Шрифт:
Интервал:
Закладка:
Перед раскрытой печью, покрасневшей от жара, стоял юный лакей, что прошлым вечером держал факел. Схватив длинную лопату, он извлек три тяжелых круглых хлеба с коричневой пахучей корочкой и сразу разложил их по плетеным подносам. Но когда он собрался распорядиться большим блюдом, покоящимся на белом полотенце, Годивелла буквально набросилась на него:
– Не трожь, Пьерроне! Тебе давно бы пора усвоить, что я никому не позволяю закладывать в печь «пунти»[2]!
– Так я же не ведал, сколько вы пробудете снаружи, тетушка, – извиняющимся голосом проговорил мальчик, – а печь-то в самый раз.

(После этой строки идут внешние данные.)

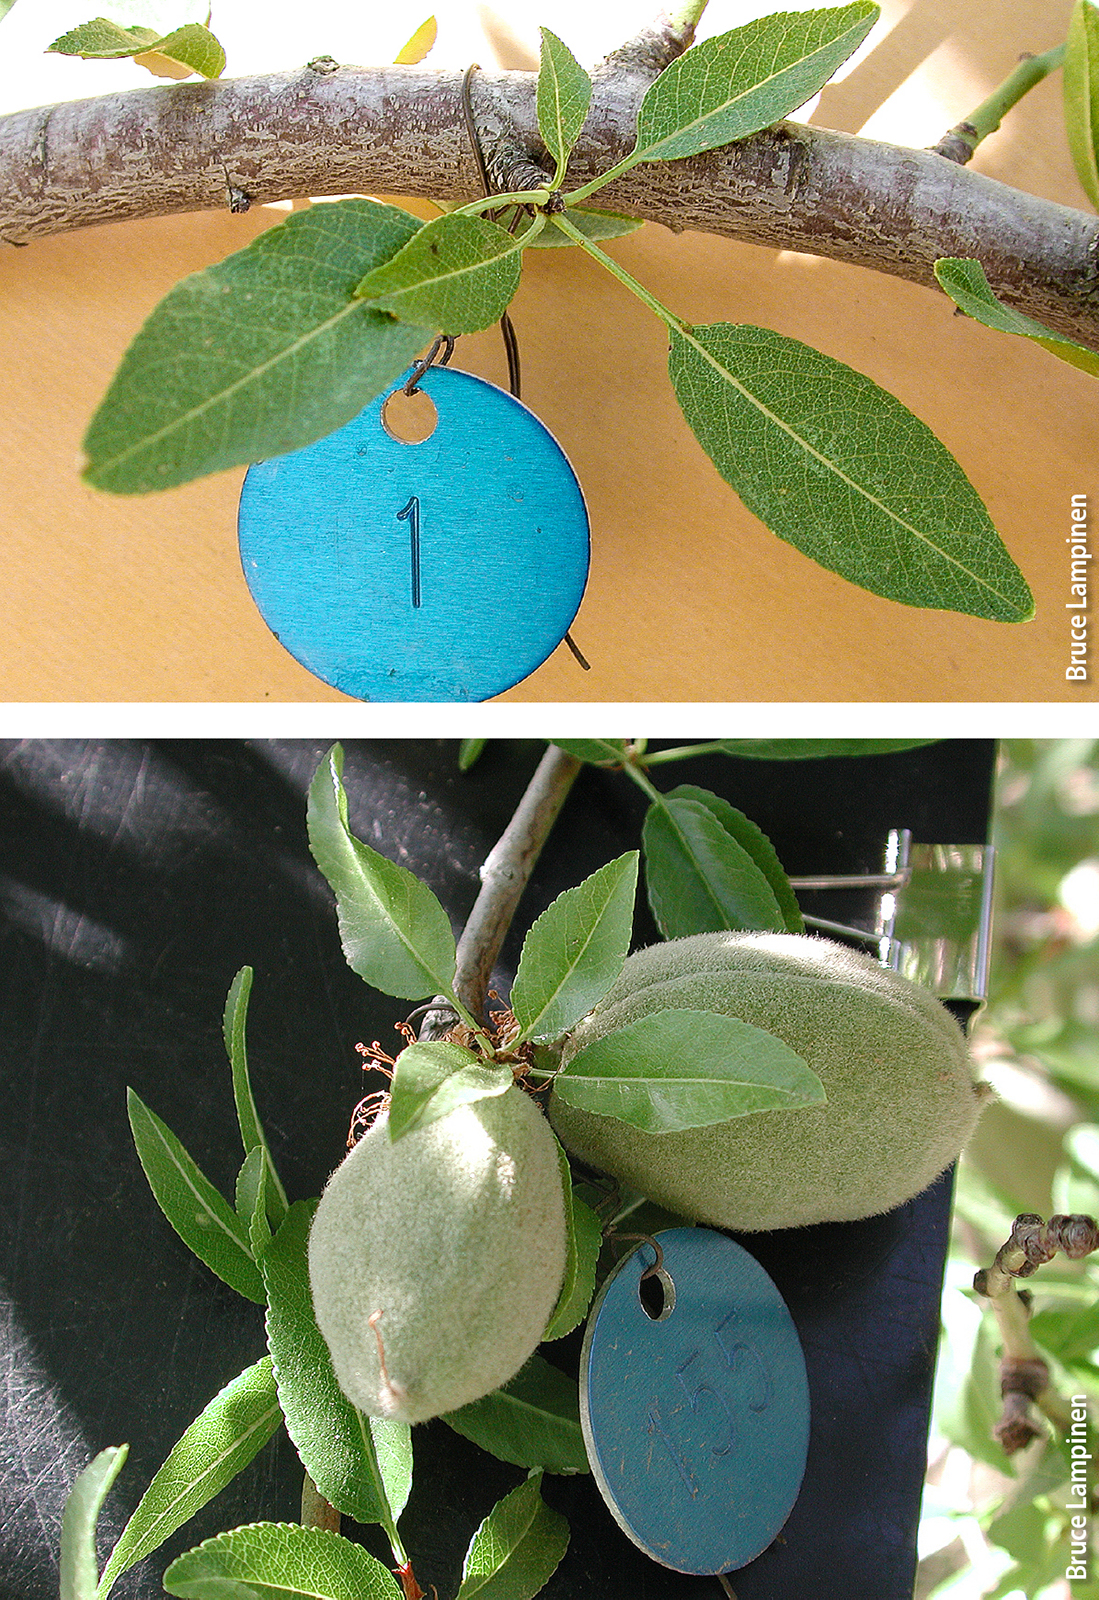 A vegetative almond spur, top, and fruitful spur, bottom, marked with aluminum tags. Spurs are short lateral shoots that are the main flowering and fruit bearing units in almond trees.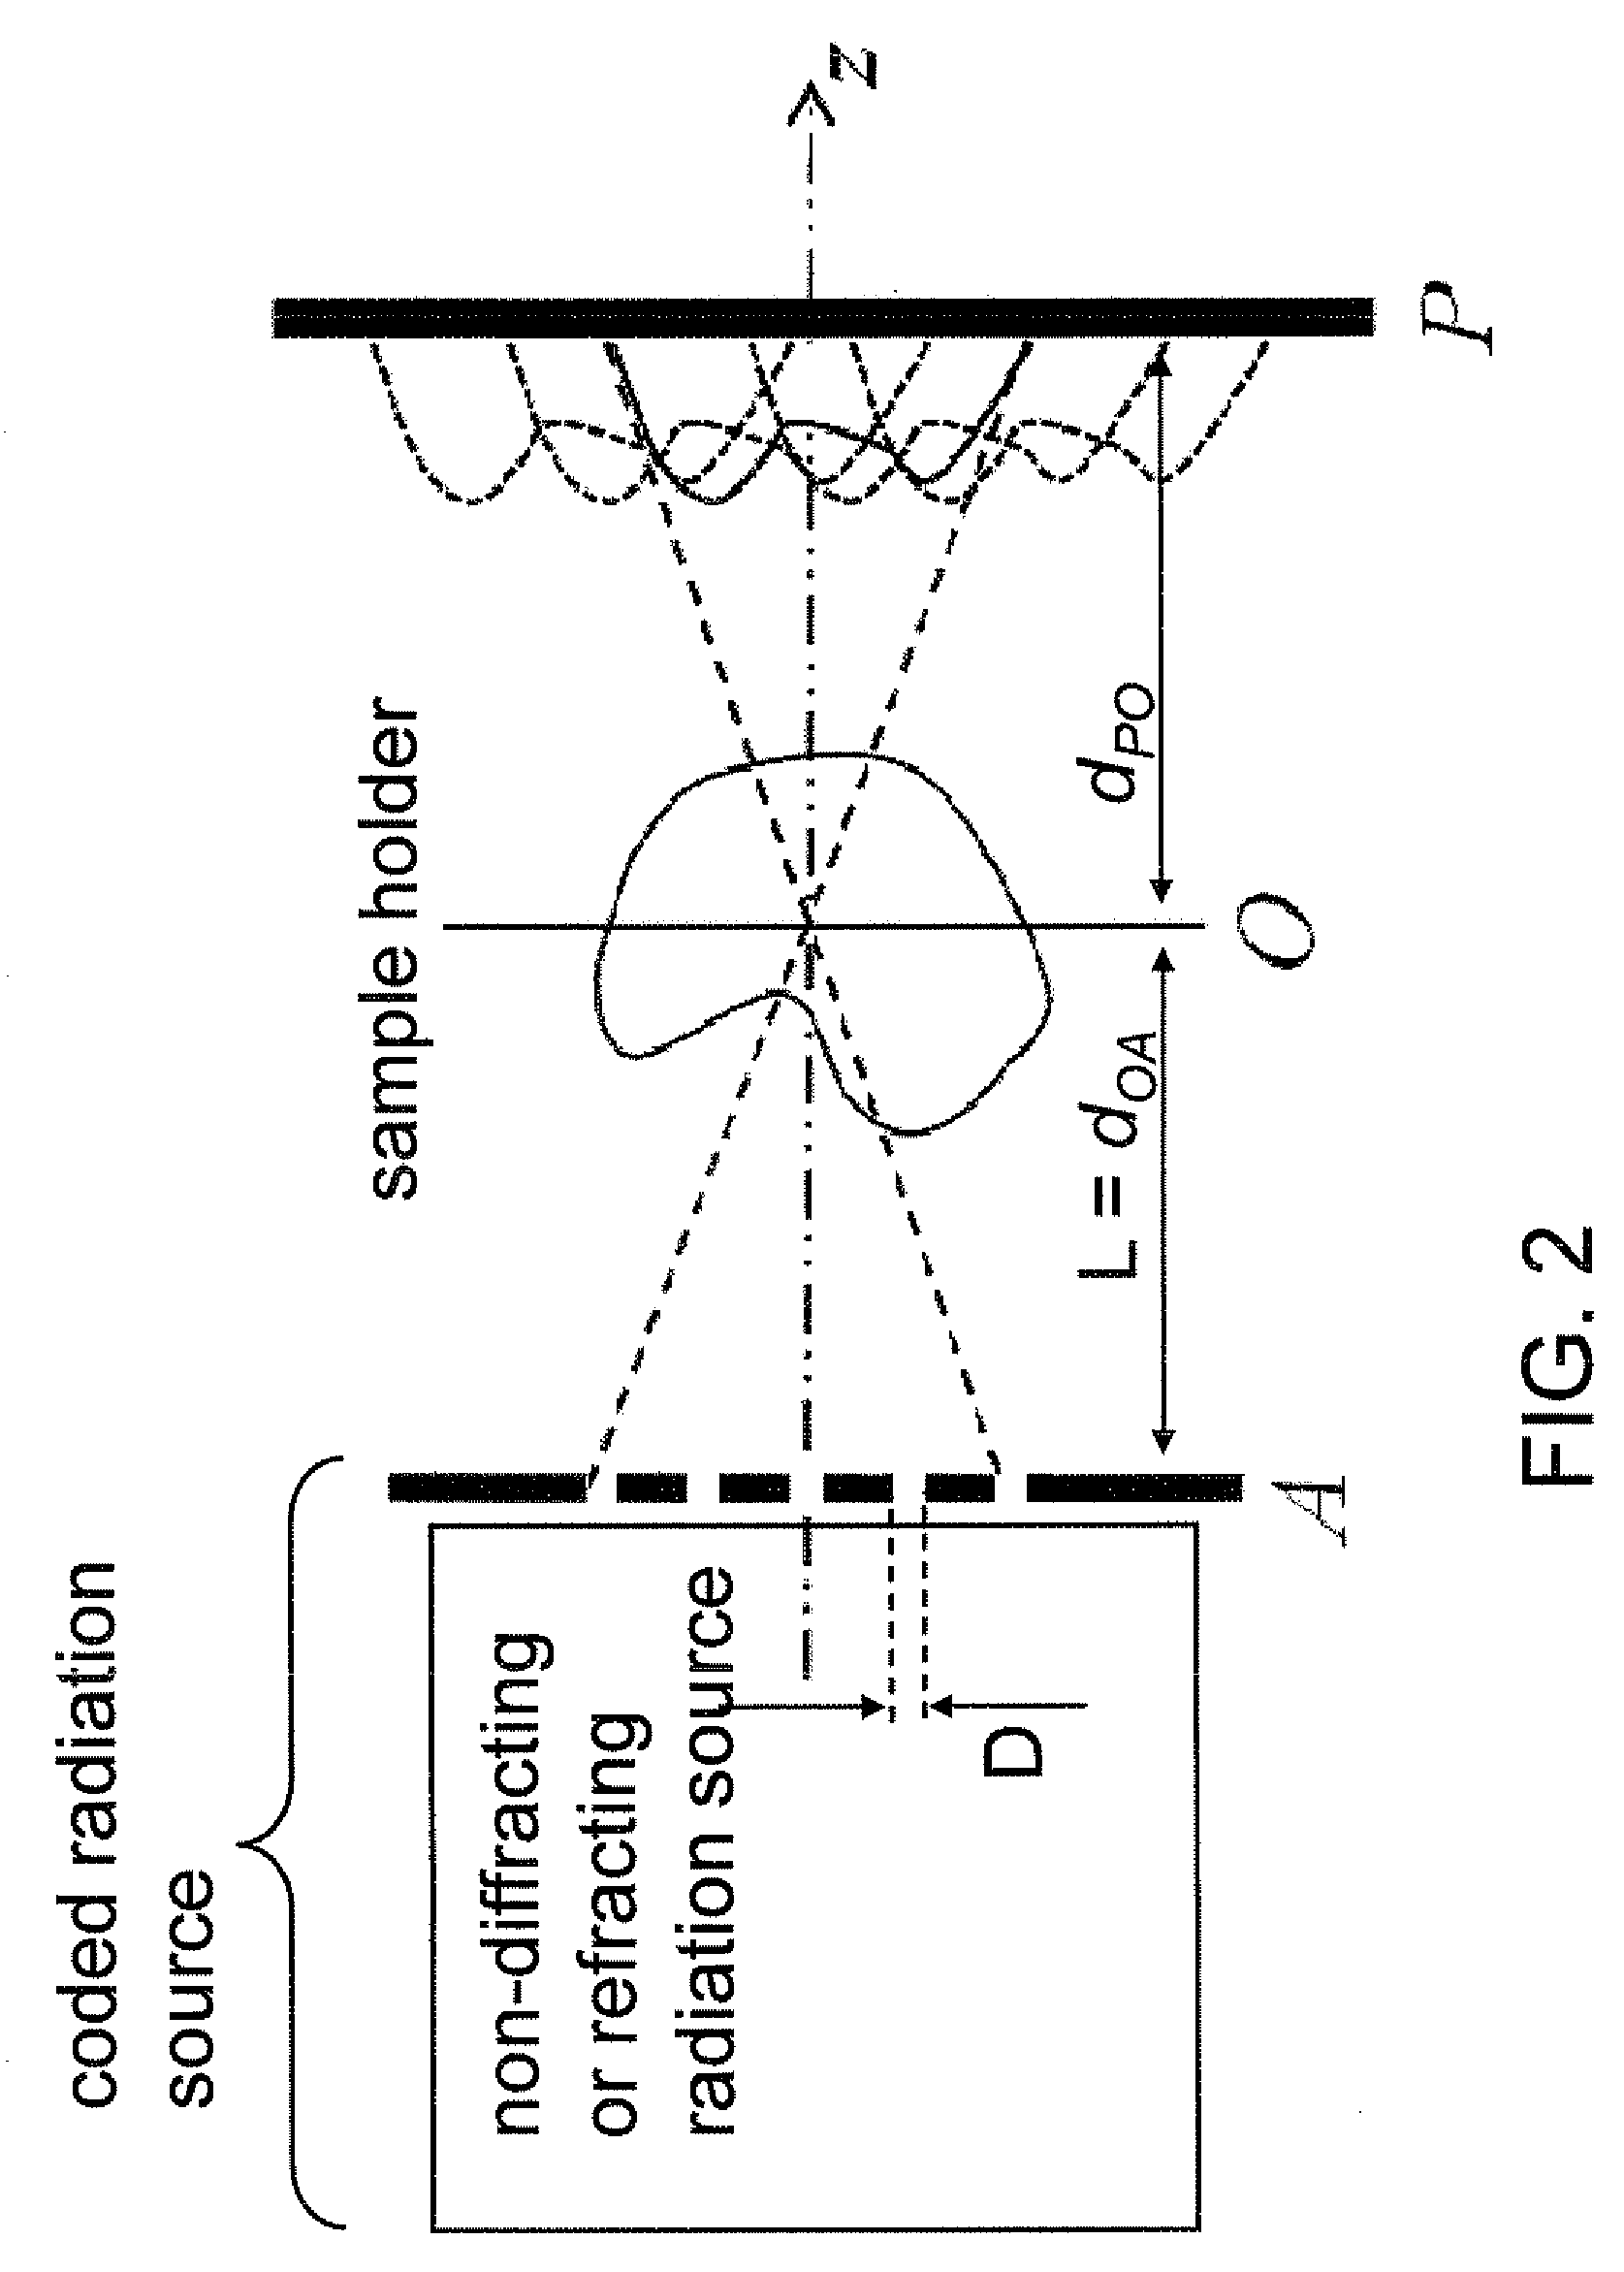 Apparatus and method to achieve high-resolution microscopy with non-diffracting or refracting radiation

– А ты что думал? Что я отправилась на ярмарку в Шод-Эг? Давай убирайся отсюда! Долгонько тебе еще ждать, пока я допущу тебя, сопляк ты этакий, к готовке. И хороша же я буду, ежели допущу!
– Не зарекайтесь, тетушка! С того времени, что я здесь кручусь, я такого понабрался, что вы сами удивитесь!..
– Это мы еще поглядим! А теперь мне недосуг удивляться. Поди-ка принеси воды и освободи мне место. И вы, госпожа, подвиньтесь поближе. Вы сейчас похожи на котенка, который провел ночь на снегу…
В то время как Годивелла плавными движениями священнослужителя пред алтарем задвигала большое глиняное блюдо в печь, сопровождая его традиционной запеканкой с яблоками, называвшейся «пикан»[3]. Гортензия подошла и села на одну из каменных скамей, что стояли по сторонам очага. Эта маленькая домашняя сценка, такая по семейному простая, обогрела ее почти так же, как пламя, от которого у нее порозовели щеки. Она улыбнулась мальчику, и тот ее весело приветствовал, сорвав с головы шерстяной колпак, а затем отправился исполнять полученный приказ.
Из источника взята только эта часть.